Inventory management might not be the most exciting aspect of running a business, but it’s one of the most important. Your products are the backbone of your business, so managing them effectively can mean the difference between making a profit or losing money to waste, storage expenses, and other inefficiencies.
A solid inventory strategy helps you control costs, keep operations running smoothly, and maximize profitability. Whether you deal with perishable goods, fast-moving consumer items, or seasonal inventory, choosing the right approach, such as the FIFO method, is key. So, what is “FIFO”? And how does it compare to other inventory approaches?
This article breaks down the most common inventory management strategies to provide a clear understanding of each and help you decide which makes the most sense for your business.

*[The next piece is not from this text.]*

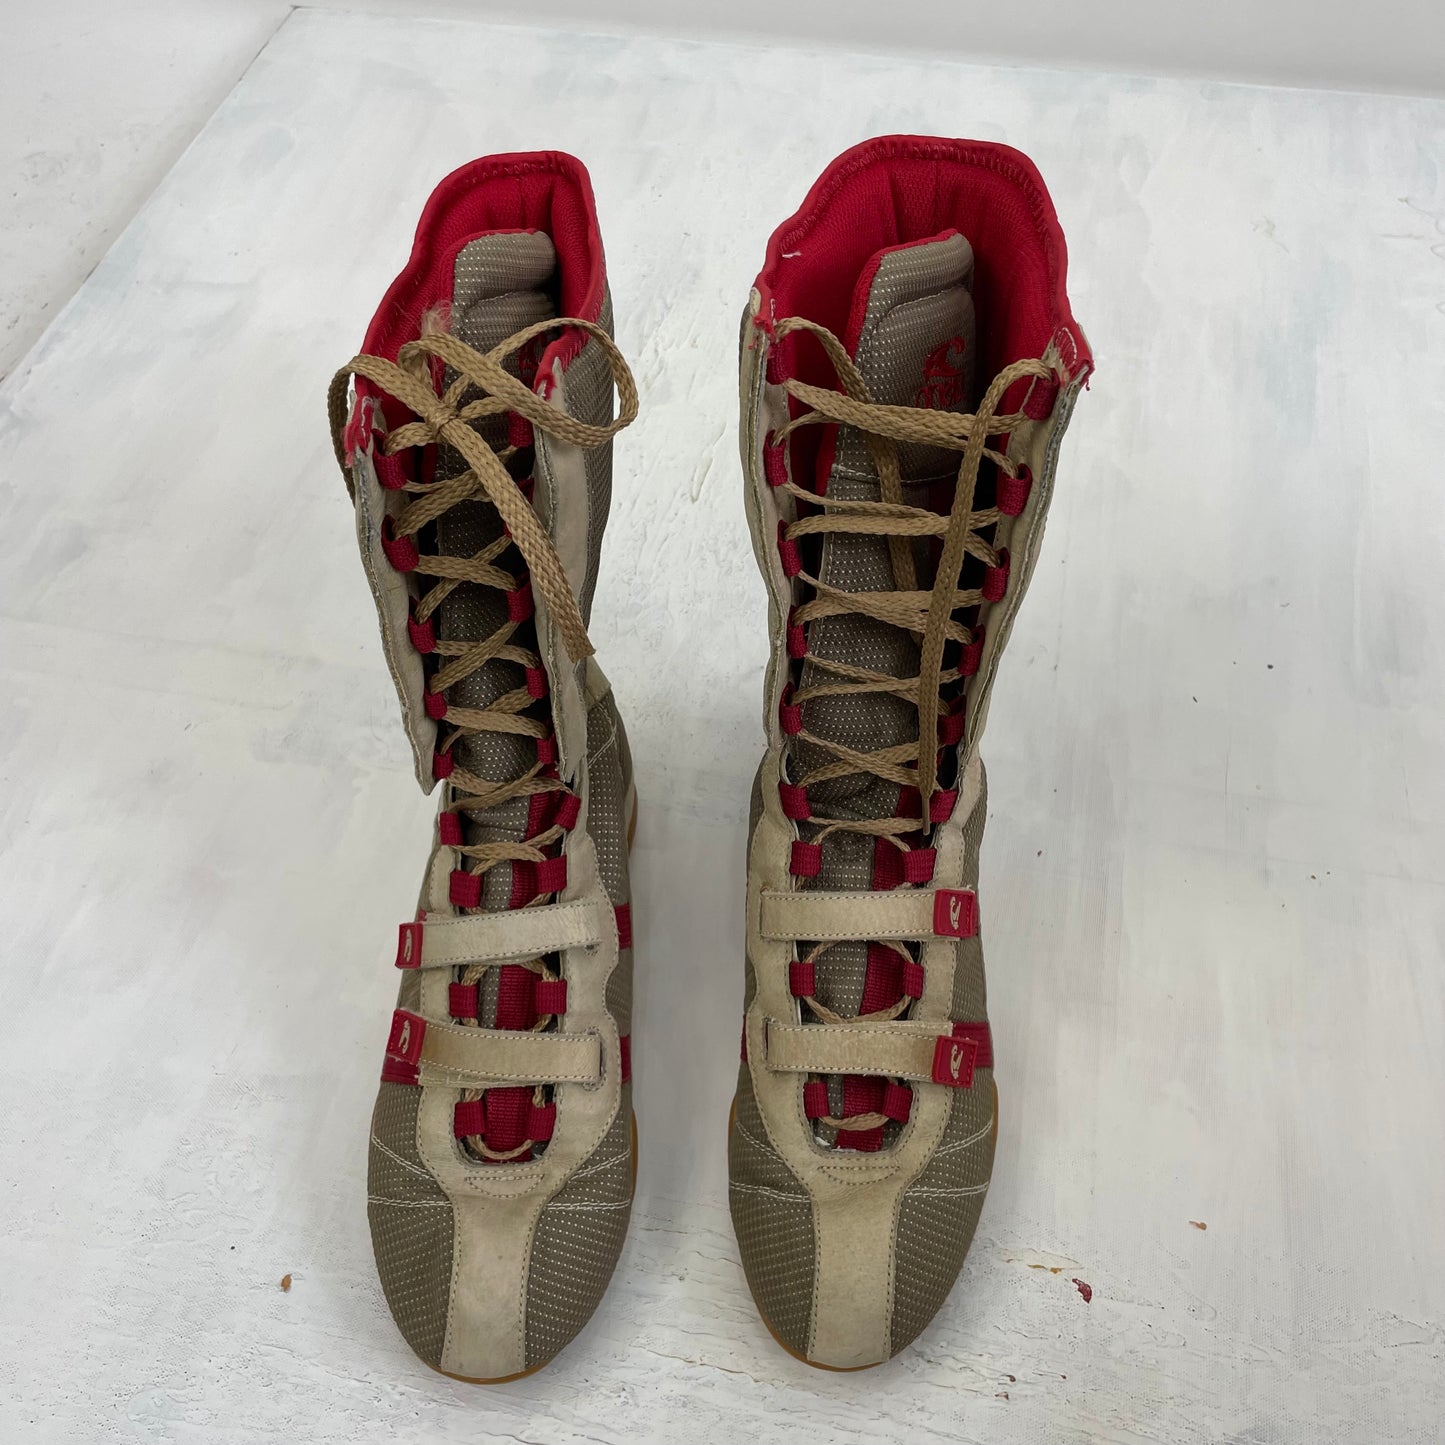 ⭐️ ELEVATED SPORTSWEAR DROP | size 5 grey/ red o’neill boxing boots

The FIFO method (First In, First Out) is a straightforward, yet impactful strategy in which the oldest stock is sold or used first. This ensures products don’t sit too long in storage, making it ideal for businesses that handle perishable or time-sensitive goods.
The FIFO method is essential in industries where freshness and shelf life matter, such as:
Now we turn to the opposite of FIFO: the LIFO (Last In, First Out) method.
Instead of selling the oldest inventory first, LIFO has the most recently added stock be used first. While FIFO is ideal for keeping products fresh, LIFO is often a cost-saving strategy, especially in industries where inventory doesn’t expire.
However, the LIFO approach won’t suit every business or model. Here are some limitations of this inventory strategy:
If you manage products with strict expiration dates, you need a system that ensures the oldest (and closest to expiring) stock is sold or used first. That’s precisely how FEFO (First Expired, First Out) works: Instead of simply following the order in which products arrive, FEFO prioritizes items that’ll expire soon, so businesses reduce waste.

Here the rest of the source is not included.